Prometheus rules to catch frequent restarts, pods not ready, services without endpoints, etc. Example:

groups:
- name: kubernetes-pods
  rules:
  - alert: PodRestartingFrequently
    expr: rate(kube_pod_container_status_restarts_total[15m]) > 0.05
    for: 5m
    labels:
      severity: warning
    annotations:
      summary: "Pod {{ $labels.namespace }}/{{ $labels.pod }} restarting frequently"
      description: "Pod has restarted {{ $value }} times in the last 15 minutes"
  - alert: PodNotReady
    expr: kube_pod_status_ready{condition="false"} == 1
    for: 5m
    labels:
      severity: critical
    annotations:
      summary: "Pod {{ $labels.namespace }}/{{ $labels.pod }} not ready"
- name: kubernetes-services
  rules:
  - alert: ServiceWithoutEndpoints
    expr: kube_endpoint_address_available == 0
    for: 5m
    labels:
      severity: critical
    annotations:
      summary: "Service {{ $labels.namespace }}/{{ $labels.service }} has no available Endpoints"

Best‑Practice Checklist

✓ Configure liveness and readiness probes for all containers

✓ Set sensible resource requests and limits

✓ Use structured (JSON) logs with TraceID/RequestID

✓ Define clear labels and annotations for selector matching

✓ Prefer automated diagnostic scripts over manual command sequences

✓ Keep complete diagnostic logs for post‑mortem analysis

✓ Maintain a fault‑classification SOP and run regular drills

✓ Use visual tools (K9s, Lens) for quick state overview

✓ Aggregate logs centrally (ELK, Loki, Stern)
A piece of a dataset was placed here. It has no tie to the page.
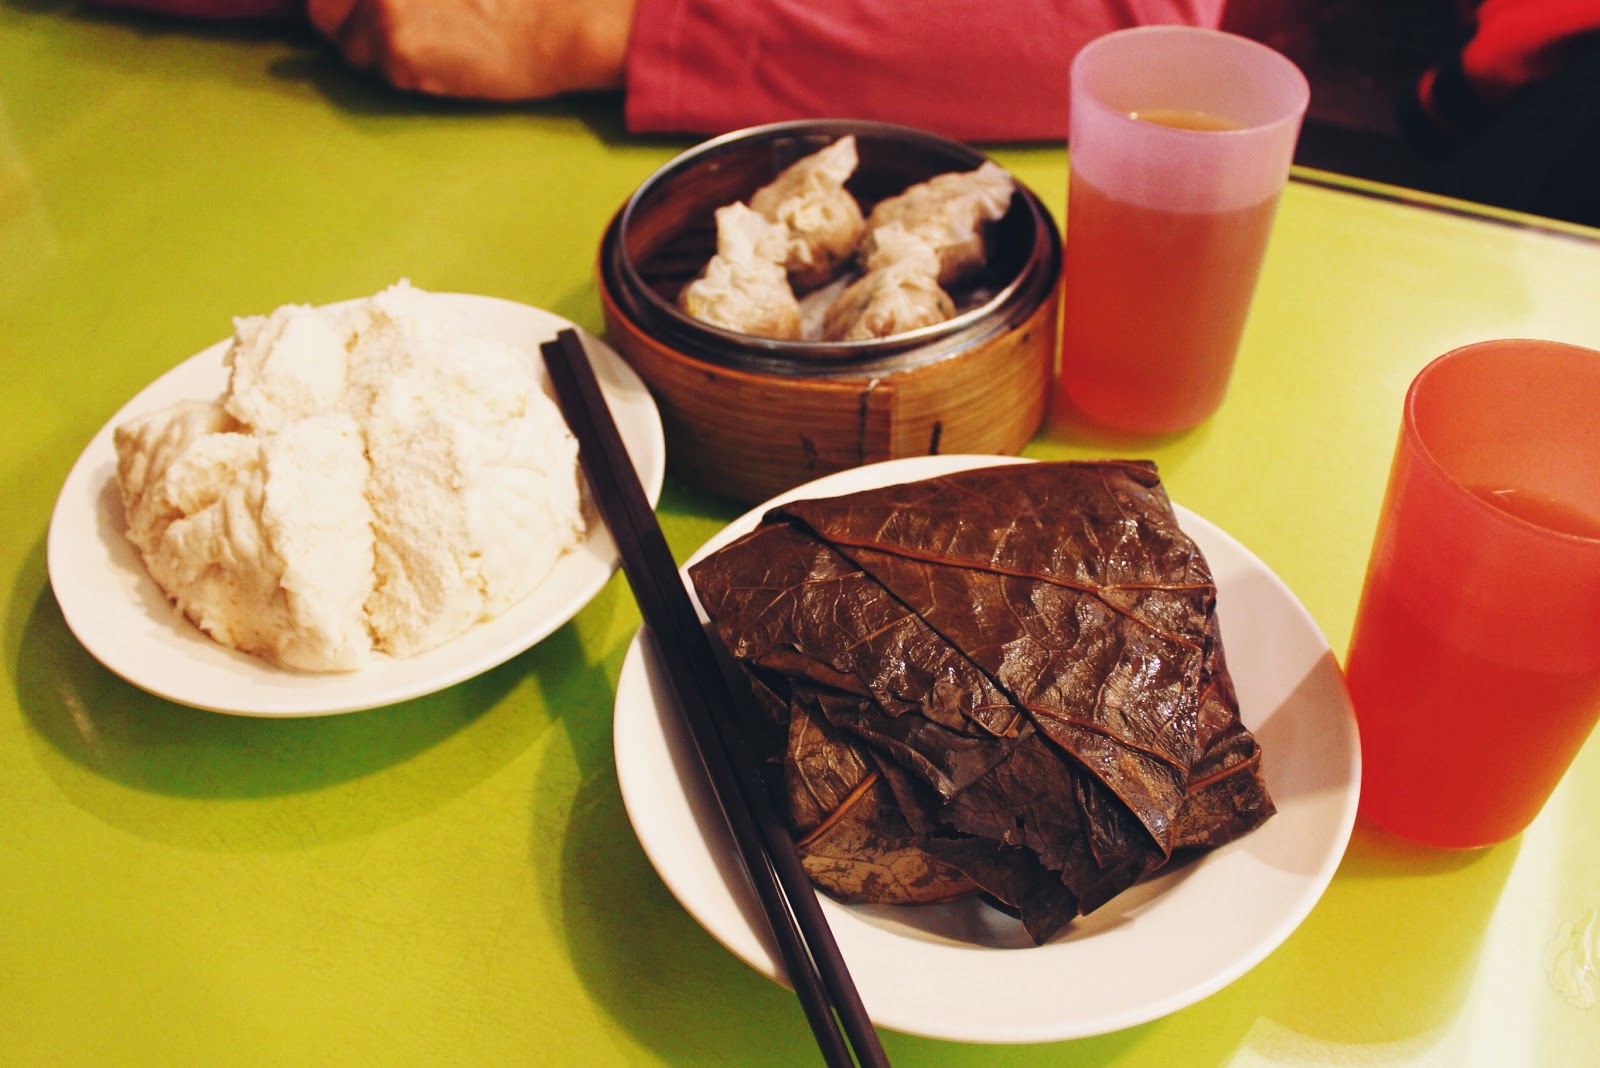 港式點心, 富麗餐廳 Fu Li Restaurant @ 香港元朗 Yuen Long, Hong Kong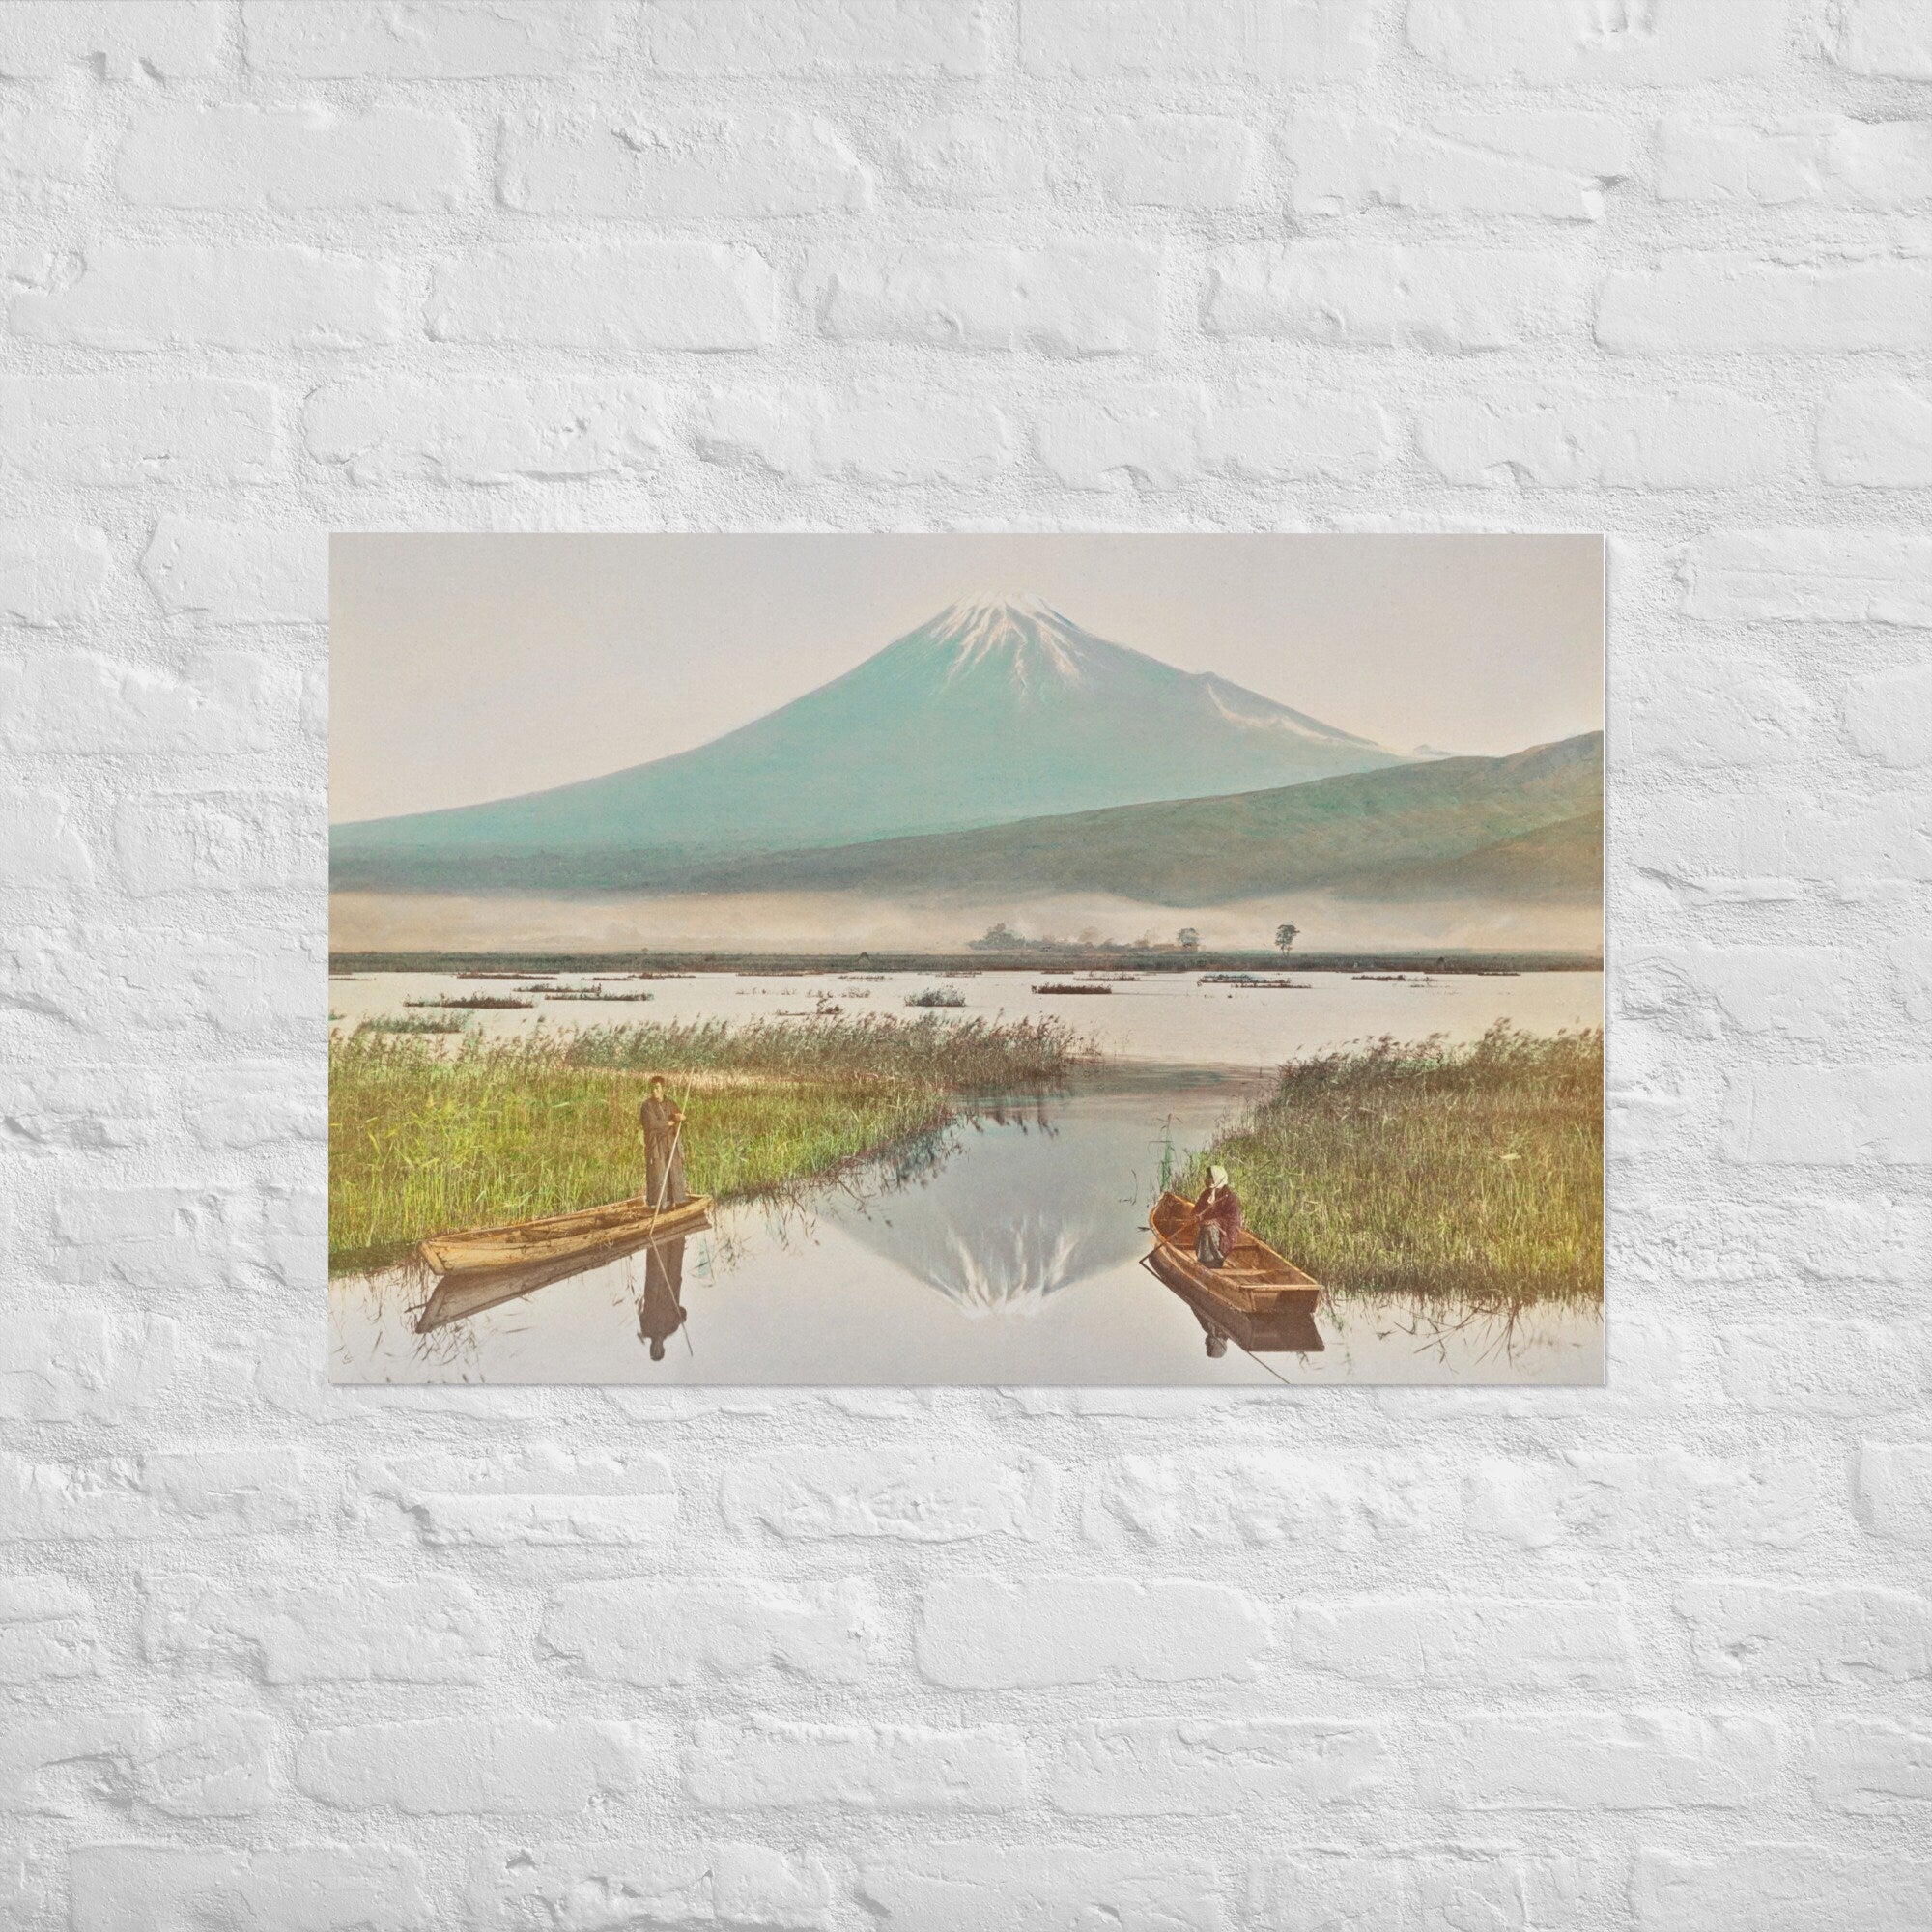 Stunning Poster Print Wall Art of Mount Fuji as Seen from Kashiwabara by Kazumasa Ogawa | Wall Hanging Vintage Photo Decor

✓ Set up multi‑layer alerts (Pod, Node, Service) with proper thresholds

Conclusion and Outlook

Reducing troubleshooting time from 30 minutes to 3 minutes is not just a speed win; it represents a systematic shift in how we approach Kubernetes incidents. By combining automation, efficient command shortcuts, visual tools, log aggregation, and standardised response procedures, we achieve a robust, repeatable workflow that dramatically cuts business impact.

Future directions include AI‑assisted root‑cause analysis, deeper service‑mesh observability (Istio/Linkerd), eBPF‑based performance tracing, and GitOps‑driven configuration management. Regardless of the tools, a solid understanding of Kubernetes internals and a disciplined process remain the foundation of effective operations.